Face it, you need to have a good relationship with your dealer. I've been shunned by mine in the past, even for being what I and others consider to be reasonable, and it sucks -- for instance, it can hold off attention to bike problem (including warranty work; gee, did that happen to me), it can get you bad attitudes and conflictual energy that causes disdain for going to the shop even though you need to and used to like visiting there, it can get you non-returned phone calls and/or phone calls where they just blow you off with "I'm not going to talk about it, I have to go", etc. I consciously try to make them happy, to have a good relationship instead of an adversarial one, so that I get serviced well. Hey, I started out telling the truth both good and bad as it came like a "normal" customer does, but my subsequent experience has built a fear in me to even point out any of the bad, and to cater to them instead.

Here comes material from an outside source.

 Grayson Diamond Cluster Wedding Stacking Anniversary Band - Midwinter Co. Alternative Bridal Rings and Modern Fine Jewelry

That leads me to the BMW NA survey of service visits to BMW dealers. You know the drill -- after every service visit, BMW NA calls you on the phone asking you to rate your recent service visit to your BMW dealer. Takes 2-3 min., they ask a series of questions, you give ratings on a 1-10 scale for each.

What you may not realize is that BMW NA shares the survey results with your dealer, and the report they get includes your name and your bike.

If you are like me, you have one or more (I have two) BMW bikes that get serviced (warranty work at least) at a local BMW shop, and they know who you are.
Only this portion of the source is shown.